Founders: Michelle Davey (CEO), Griffin Mulcahey 

Equity raised: $66 million 

Estimated 2020 revenue: $8 million 

Lead investors: CRV, Lightspeed Venture Partners, Silverton Partners 

As virtual care skyrocketed during the Covid-19 pandemic, many digital health companies, hospitals and large employers were caught flatfooted, throwing together what Davey calls “chicken wire and bubble gum” solutions. Austin, Texas-based Wheel offers software to help them set up a telemedicine practice, including a network of vetted contract doctors and nurses. Unlike branded telehealth services like Teladoc, Wheel operates in the background with white-label tools that enable health providers or other digital health companies to offer virtual health services.
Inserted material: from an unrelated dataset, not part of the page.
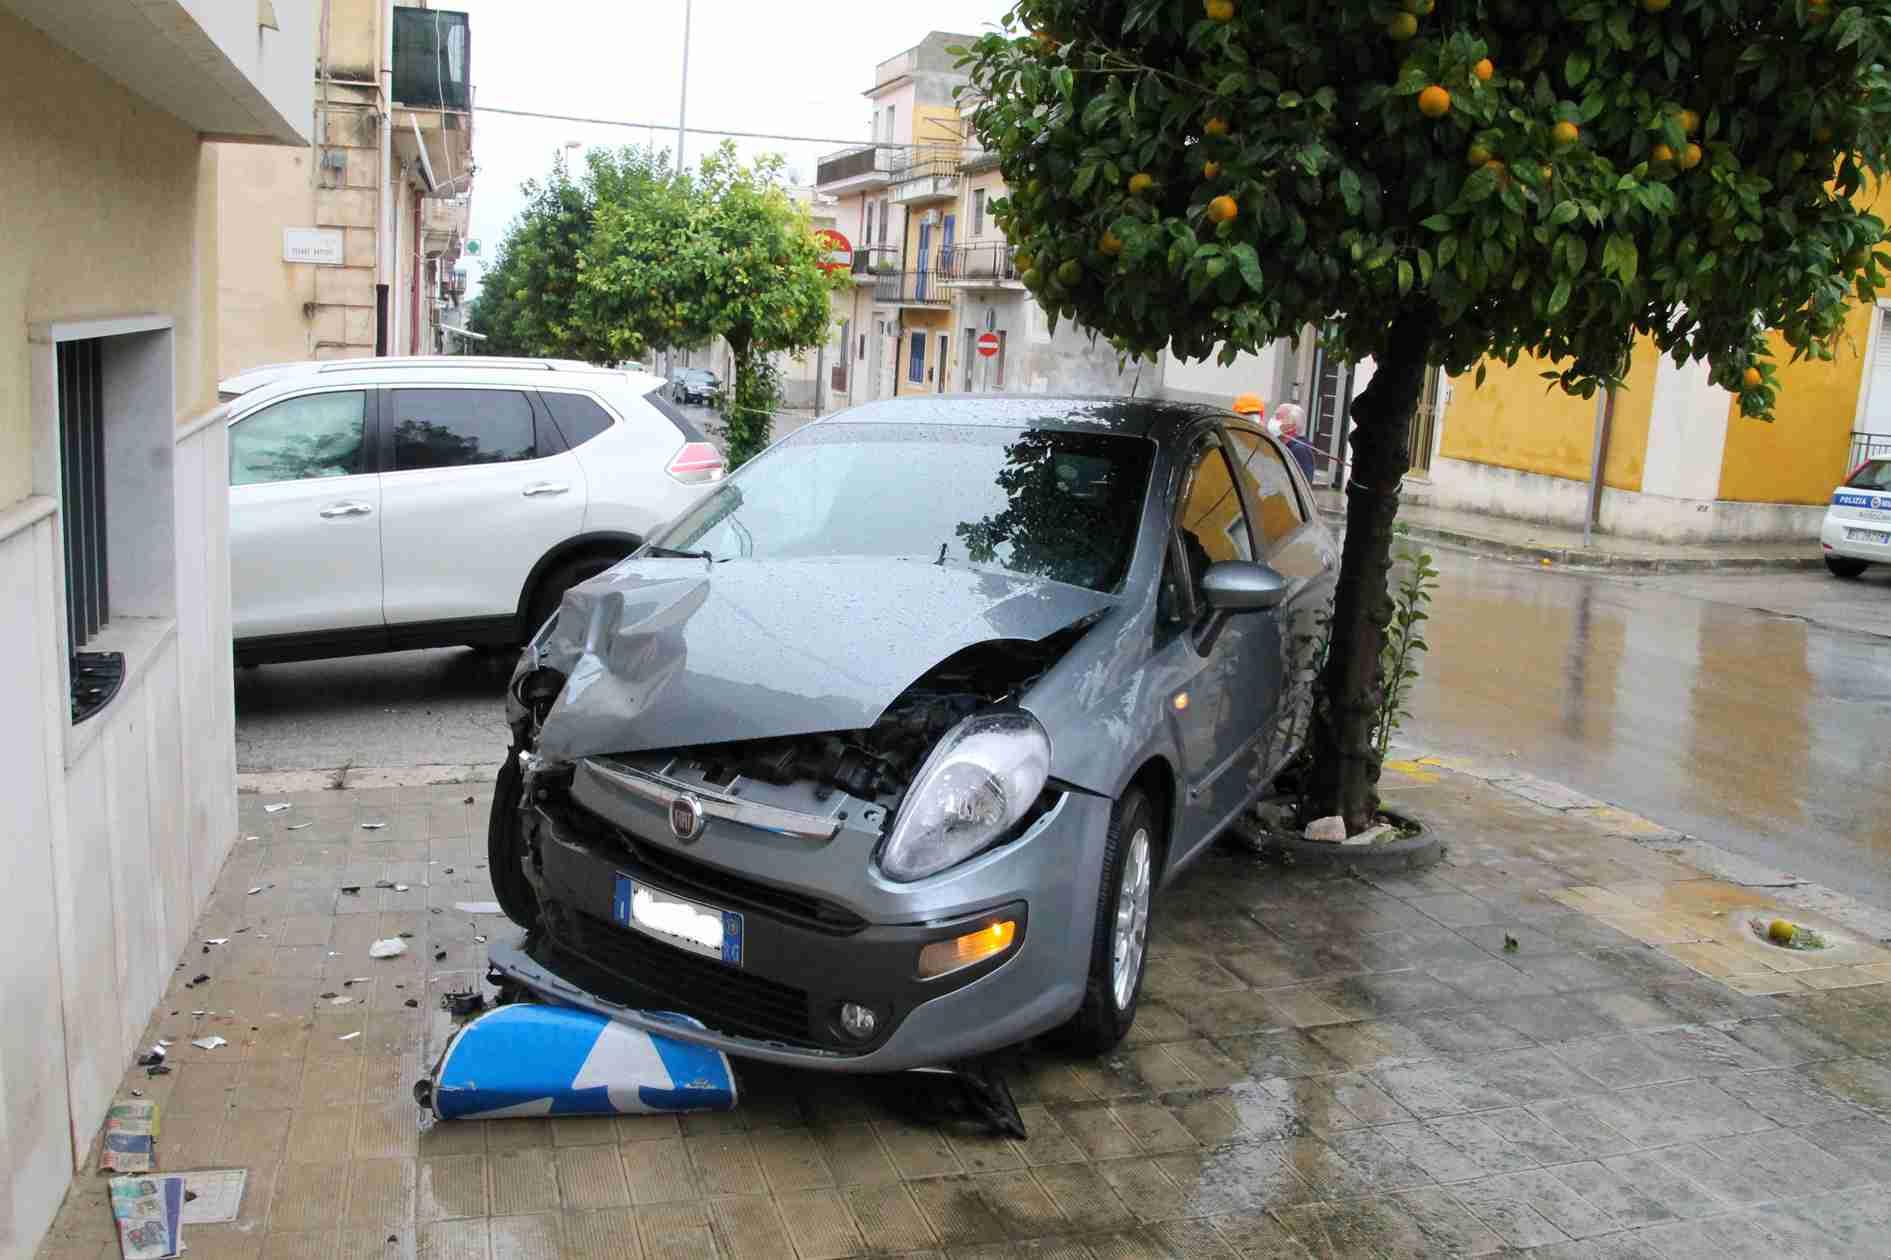 """Non si ferma al segnale di """"Stop"""", incidente tra due auto in via Manzoni/Cesare Battisti"""

Davey, 32, and Mulcahey, 38, first realized what a headache healthcare worker recruitment was, due to differing state regulations, while working at an early telehealth startup. In 2018, the duo decided to take a stab at his industrywide pain point with a staffing marketplace for virtual clinicians. Now the company expects its back-end software to deliver more than a million patient visits in 2021, a fivefold increase over 2020. In the post-pandemic world, virtual care is going to be “table stakes for many different types of companies,” says Davey. Wheel has also added psychologists and psychiatrists and plans to expand into triage care.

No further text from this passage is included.